Law Offices
of Svetlana Boukhny represents both companies and individuals, and welcomes inquiries
regarding individual immigration situations. Please feel free to use the "CONTACT
US" section of the website to provide information relevant to your questions, and
we will make every effort to respond to your email within 48 hours. Please note
that depending on the nature of your inquiry, we may not be able to respond and
can refer you to more appropriate immigration counsel, or we may request that you
schedule a consultation with our attorney.
|
|
Back
Temporary Workers in a Specialty Occupation (H-1B Visas)
The H-1B visa category is a frequently-used method for U.S. employers to
hire foreign nationals on a temporary basis. A U.S. employer using this program
must attest that (1) the foreign national will be paid at or above the higher of
the rate paid for a similar position at the employer's own offices and the
prevailing rate paid by other employers in the geographic area; (2) employment
of the foreign national will not "adversely affect" the working conditions of
U.S. colleagues; (3) U.S. colleagues will be given notice of the professional's
presence among them; and (4) there is no strike or lockout at the worksite. The
employer must also demonstrate that the position requires a professional in a
specialty occupation and that the intended employee has the required
qualifications. As a general rule, to be considered a "specialty
occupation" the position must require a bachelor's or higher degree (or foreign
equivalent) in a specific specialty as a minimum requirement for entry into that
occupation. The position must also require "theoretical and practical
application of a body of highly specialized knowledge." If a foreign national
has not completed a degree, experience may be substituted in a ratio of three
years of work experience for each year of post-secondary education that is
lacking, if the experience exhibits progressively more responsible positions
relating to the specialty field. Before an employer can file an H-1B
petition with USCIS, it must first file a Labor Condition Application ("LCA")
with the Department of Labor ("DOL"), which reviews the LCA to ensure it is
complete and there are no obvious inaccuracies.
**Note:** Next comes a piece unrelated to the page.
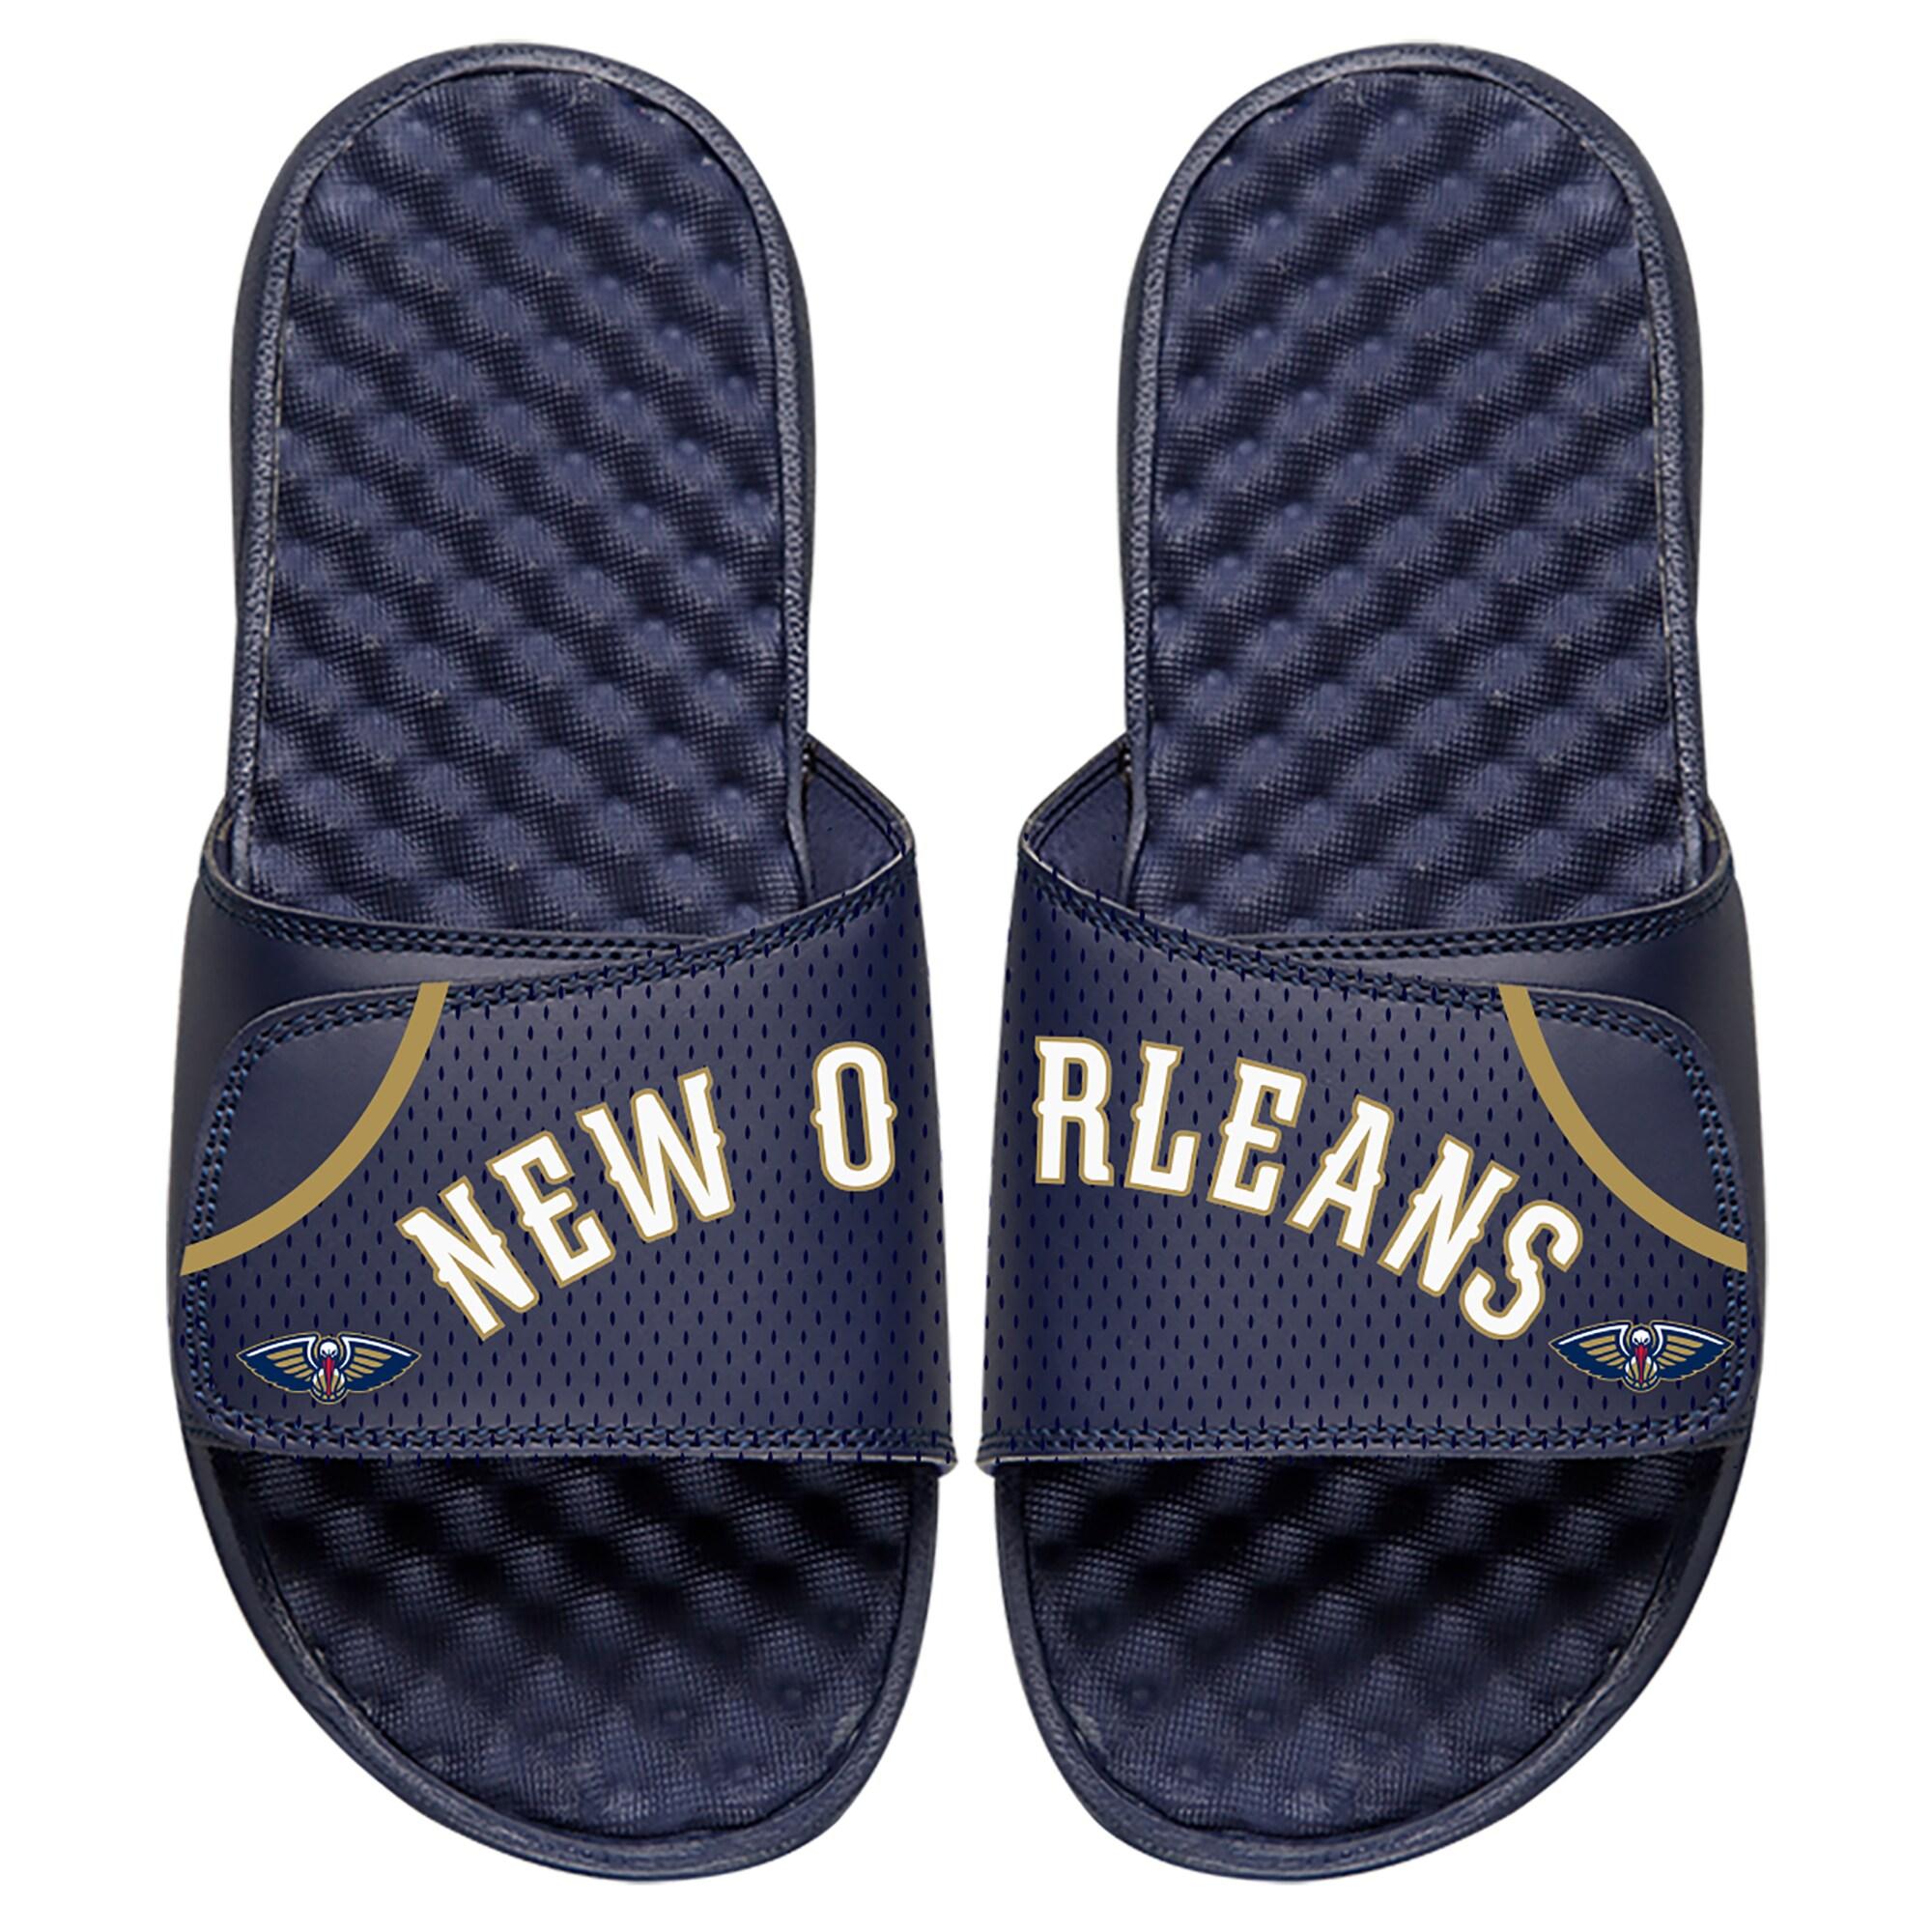 New Orleans Pelicans ISlide Home Jersey Split Slide Sandals - Navy

The employer must attest in the
LCA, among other things, that it will pay the H-1B worker the higher of the
actual wage the employer pays its other workers with similar experience and
qualifications for the specific employment in question or the prevailing wage
for that position in the area of intended employment. The prevailing wage may be
determined by a request to the local employment service, by the use of an
industry-standard survey or other published wage source, or by any other bona
fide source of prevailing wage information for the area where the individual
will be employed. On or before the date the LCA is filed, the employer
must either notify its employees' collective bargaining agent of the LCA filing
or, if there is no such agent, post notice of the LCA filing in at least two
conspicuous locations at the employer's premises for ten (10) consecutive
business days. The employer must also create a "public examination file"
containing all of the documentation required by the DOL regulations regarding
determination of prevailing and actual wages and the other attestations on the
LCA for at least one year beyond the end of the period of employment specified
on the LCA. The DOL has seven working days in which to review the LCA
and determine whether to certify it. Once the LCA is certified, the DOL will
return it to the employer or the employer's representative, who will file it
together with the H-1B petition with the USCIS, along with a description of the
position to be offered and the employer's normal educational requirements to be
able to perform the position, a description of the duties to be performed and
proof that the individual has the qualifications required to perform the
position (including evaluation of a foreign degree, if necessary). If the
foreign national is in the United States and is seeking change of status or is
seeking to change employers within the H-1B category, evidence should also be
presented that the foreign national is presently maintaining his or her
nonimmigrant status, so that status can be changed or amended in the United
States. If the foreign national is outside the United States, the
approval of the petition will be cabled to the U.S. Consulate, where the foreign
national will be required to apply for a visa. If the foreign national is in the
United States in lawful status, he or she will be issued a new I-94, Departure
Record, that documents the change of his or her status to H-1B for the
petitioning employer. H-1B visas may be issued for a period of up to three (3)
years, with extensions for a maximum of three additional years. Under the
American Competitiveness in the 21st Century Act ("AC21"), some individuals will
be eligible to extend their stay beyond the six-year maximum period of stay in
H-1B status. An extension petition must be accompanied by a new certified LCA.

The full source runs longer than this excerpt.